The dataset was highly imbalanced (0.58% fraud rate).
Logistic Regression achieved AUC = 0.8511, but had low fraud precision (0.08).

Random Forest outperformed with:
AUC = 0.9688
Precision = 96%
F1-score = 0.76
Only 52 false positives out of 553,574 legitimate transactions.

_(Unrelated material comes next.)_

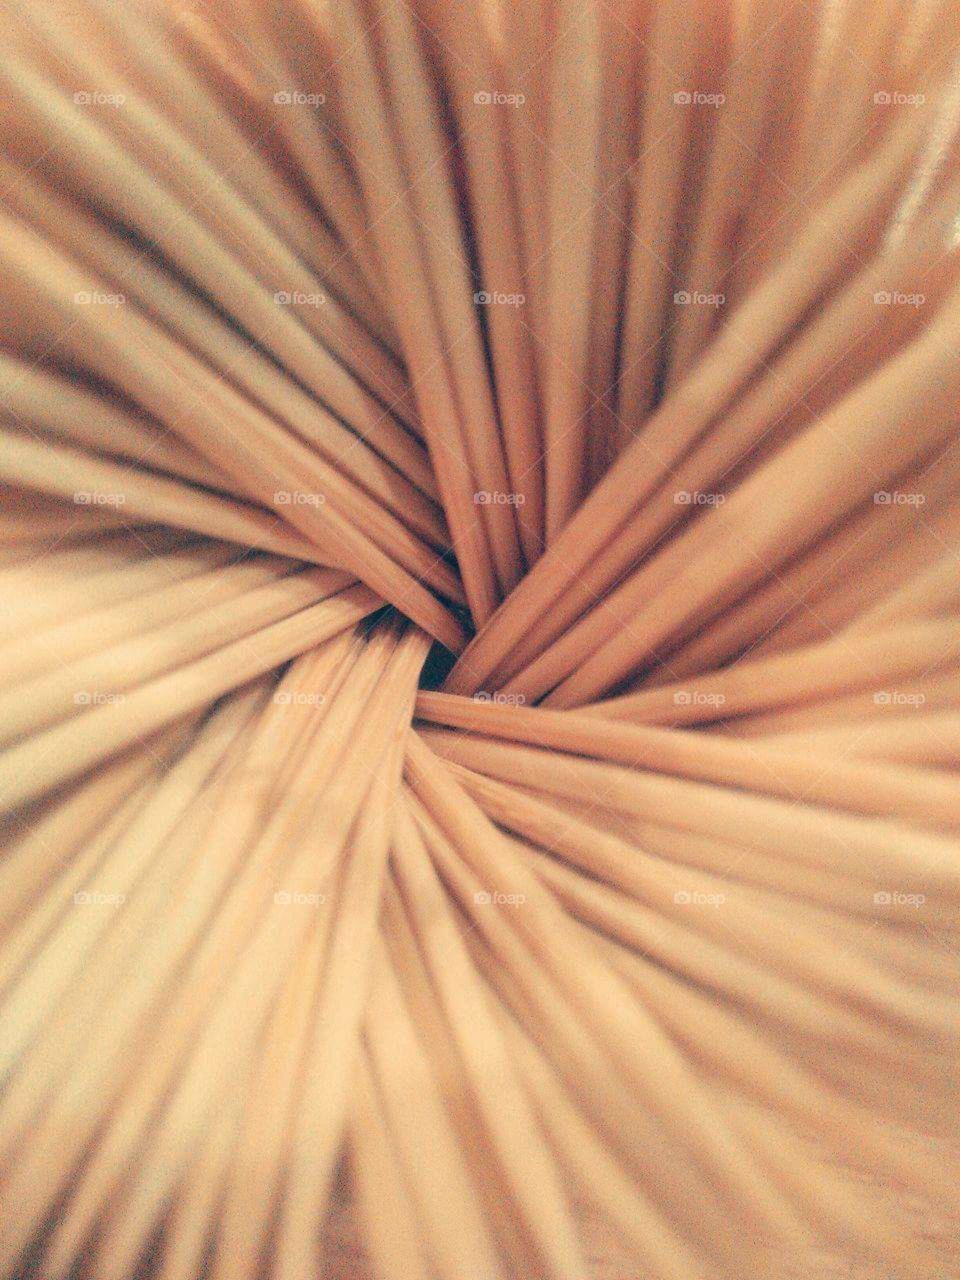 Toothpick vortex

Random Forest is selected as the final production model.

# Future Scope

- Apply SMOTE or advanced resampling for better fraud recall.
- Implement XGBoost / LightGBM for further performance boost.
- Deploy model using Flask/FastAPI API.
- Integrate real-time streaming fraud detection.
- Optimize threshold tuning based on business risk tolerance.